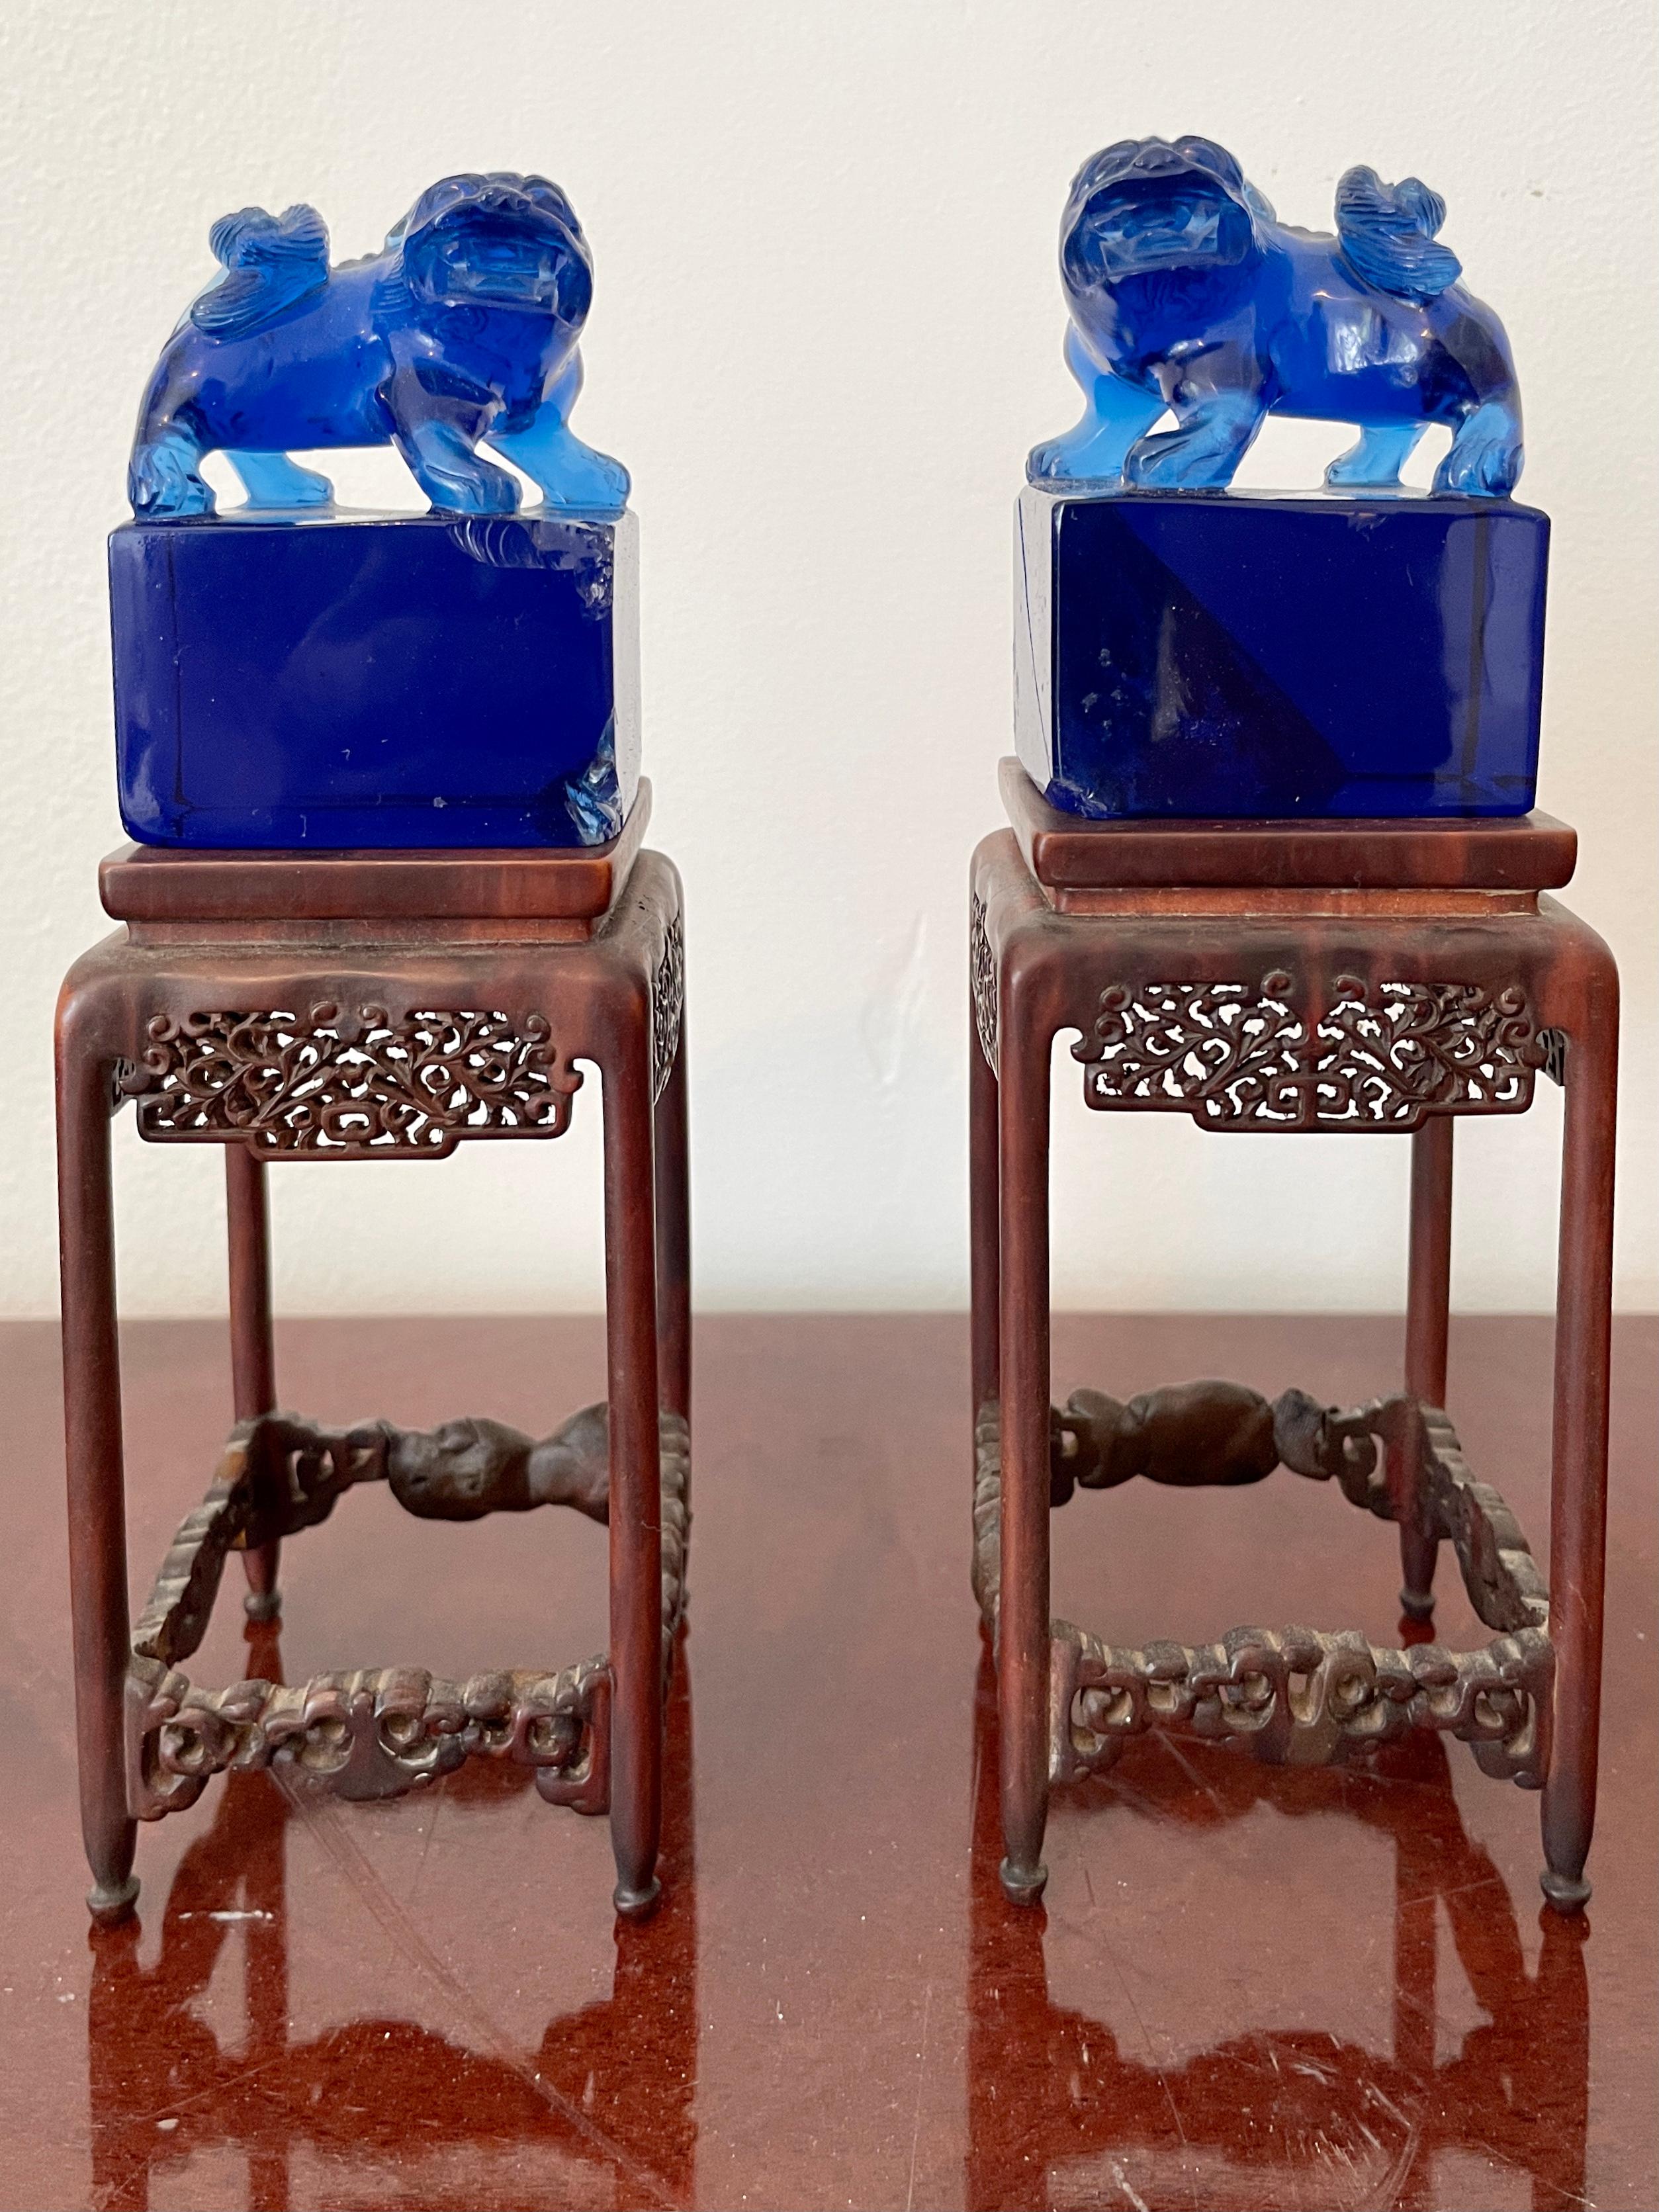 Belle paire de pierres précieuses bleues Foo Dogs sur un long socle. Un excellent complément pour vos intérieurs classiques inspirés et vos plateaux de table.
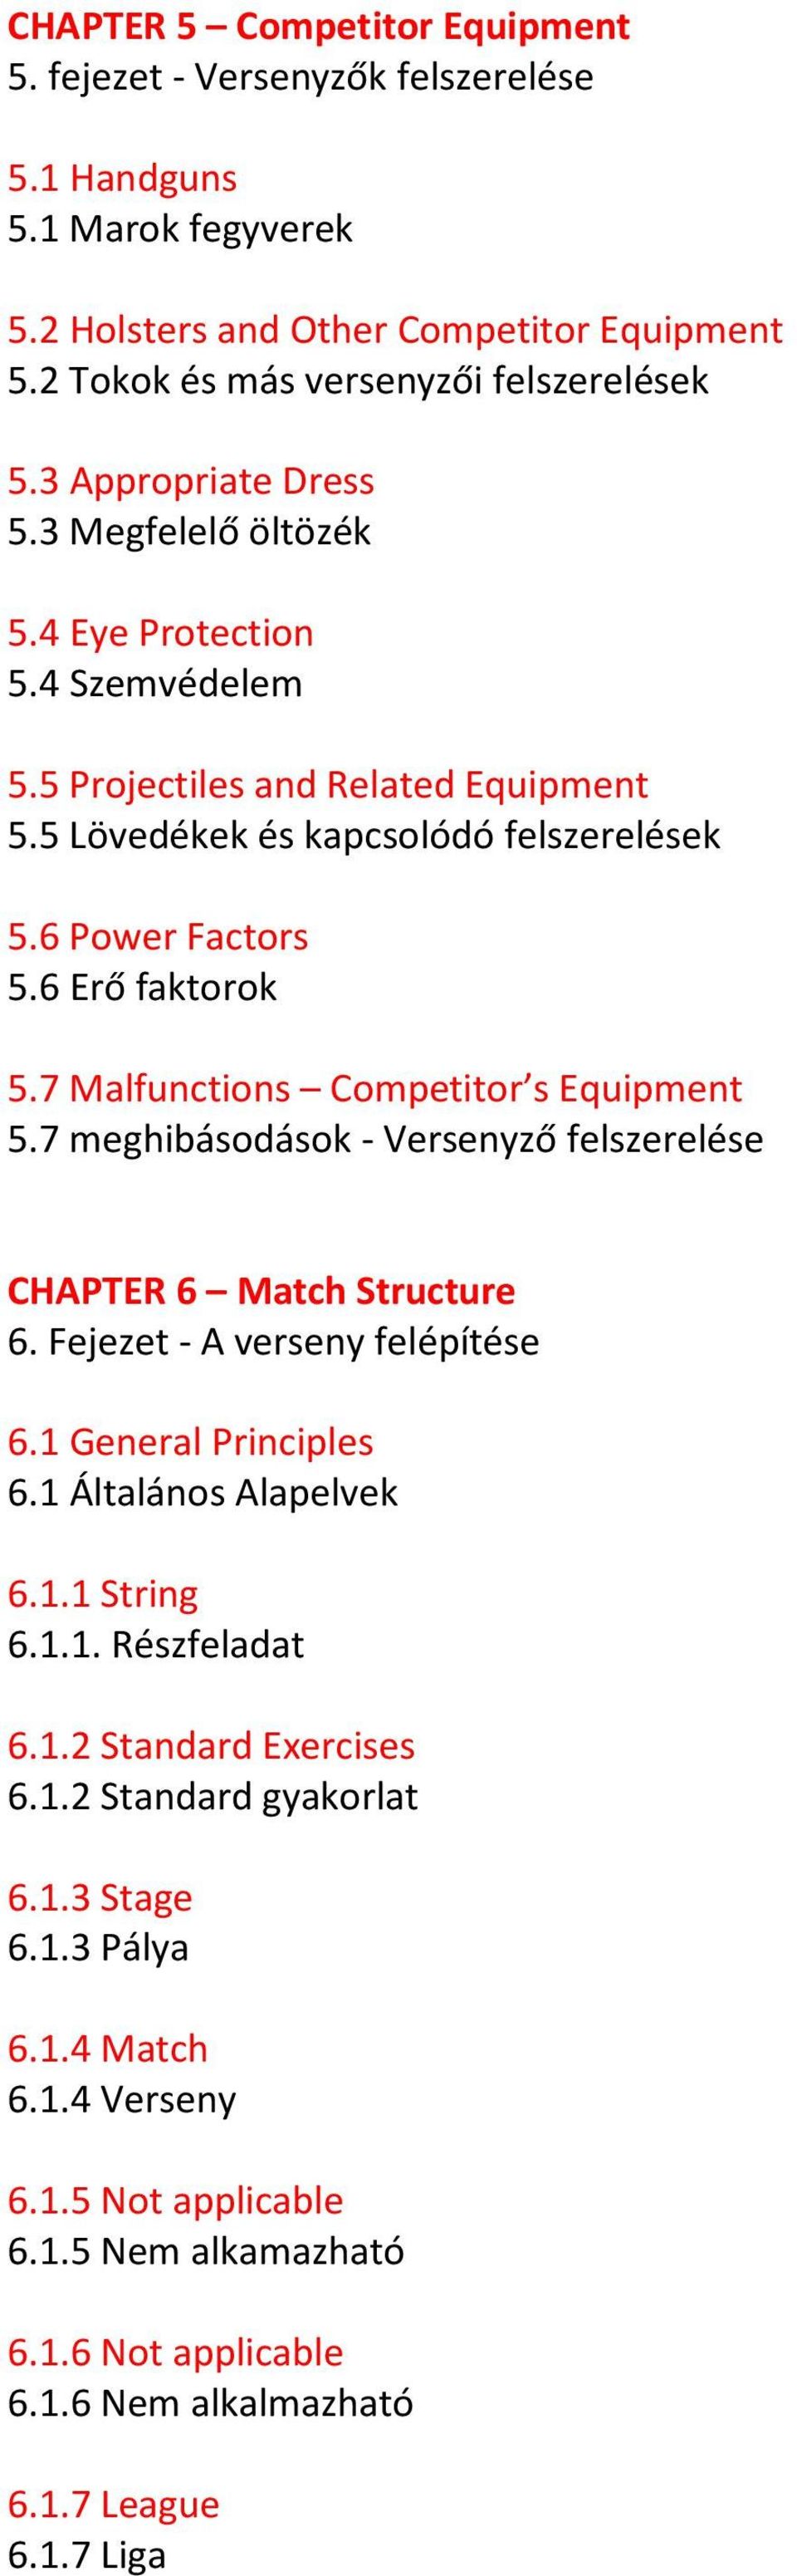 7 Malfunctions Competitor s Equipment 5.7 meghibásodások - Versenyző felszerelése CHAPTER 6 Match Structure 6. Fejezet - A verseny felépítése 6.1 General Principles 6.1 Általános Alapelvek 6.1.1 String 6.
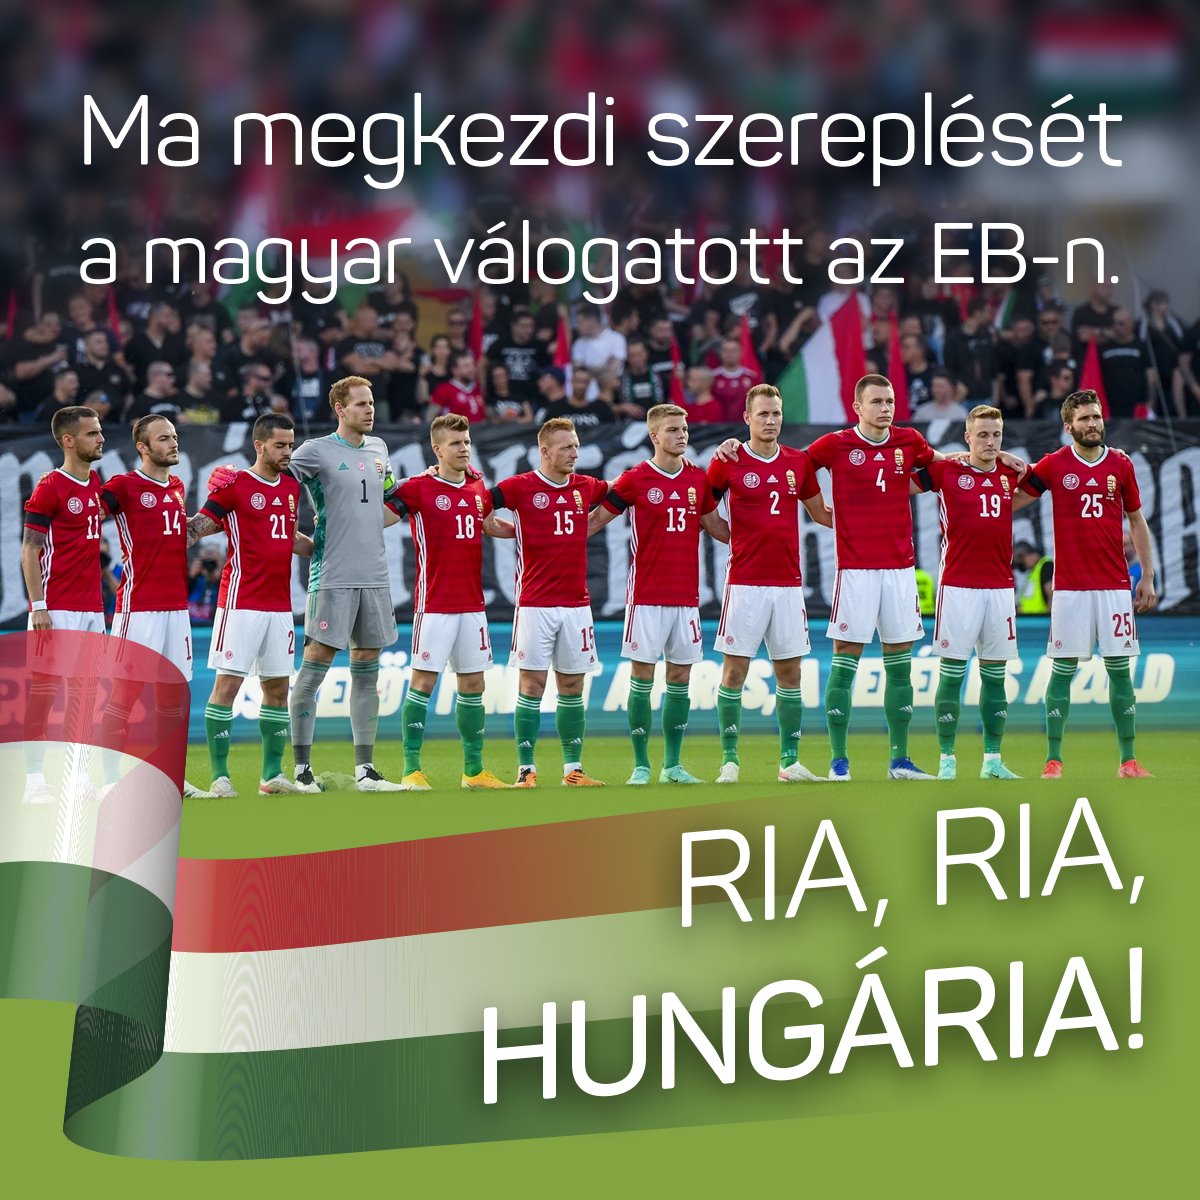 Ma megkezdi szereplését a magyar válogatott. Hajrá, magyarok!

#### EXERCISE REQUIREMENTS:
Retype the data above in full, exactly as it stands, and skip any image.

#### WRITTEN ANSWER:
 Belle paire de pierres précieuses bleues Foo Dogs sur un long socle. Un excellent complément pour vos intérieurs classiques inspirés et vos plateaux de table.
 7 Malfunctions Competitor s Equipment 5.7 meghibásodások - Versenyző felszerelése CHAPTER 6 Match Structure 6. Fejezet - A verseny felépítése 6.1 General Principles 6.1 Általános Alapelvek 6.1.1 String 6.
 Ma megkezdi szereplését a magyar válogatott. Hajrá, magyarok!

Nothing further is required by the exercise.